I ran this filtering step on my counts table before running RUVseq (to generate factors of unwanted variation), which only keeps genes that have at least 10 counts in at least 2 samples, so I don't think that should be the issue.

filter <- apply(forward, 1, function(x) length(x[x>10])>=2) #filter: greater than 10 counts in at least 2 samples
mallorymaynes commented 2 years ago

Hey David, any other thoughts? Is there anything I can give you to help diagnose?

ctlongg commented 6 months ago

@mallorymaynes Thanks for bringing this up and did you managed to find a solution. Unfortunately, I ran into the same problem when trying to incorporate RUVg covariates into vecConfounders.

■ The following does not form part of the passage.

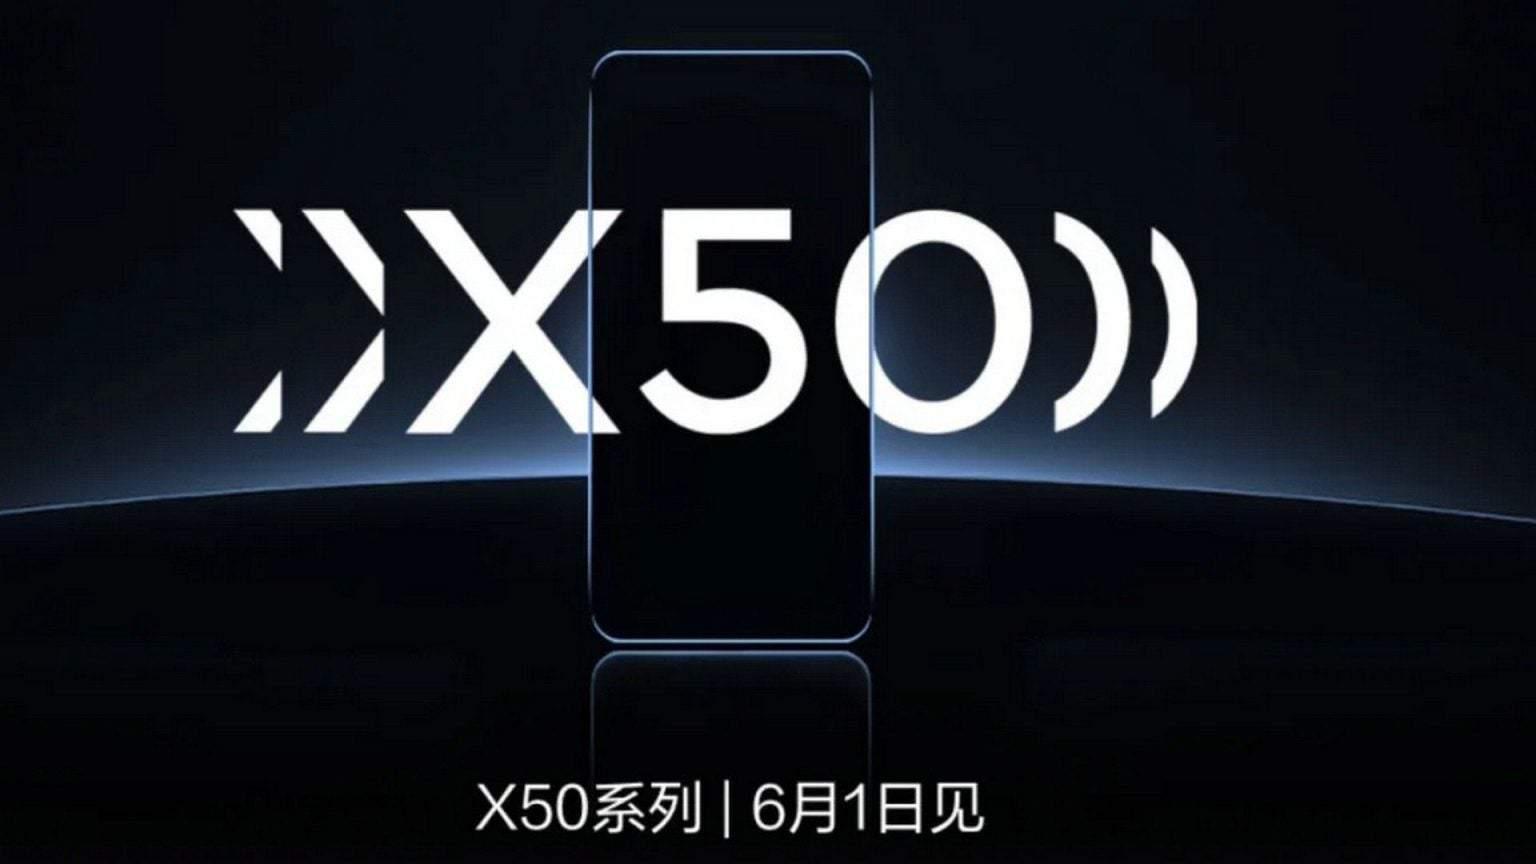 VIVO X50 5G将于6月1日正式上市

Here is my code,

ImpulseDE2_pathways <- runImpulseDE2( matCountData = raw_counts, dfAnnotation = model_meta, boolCaseCtrl = FALSE, scaNProc = 60, vecConfounders = "Batch", scaQThres = 0.01, boolIdentifyTransients = TRUE)

Got the error:

<simpleError in optim(par = vecParamGuess, fn = evalLogLikImpulse_comp, vecCounts = vecCounts, scaDisp = scaDisp, vecSizeFactors = vecSizeFactors, vecTimepointsUnique = vecTimepointsUnique, vecidxTimepoint = vecidxTimepoint, lsvecidxBatch = lsvecidxBatch, vecboolObserved = !is.na(vecCounts), method = "BFGS", control = list(maxit = MAXIT, reltol = RELTOL, fnscale = -1)): non-finite finite-difference value [3]>.

Running without the batch works fine. But this means the batch may impede with the analysis.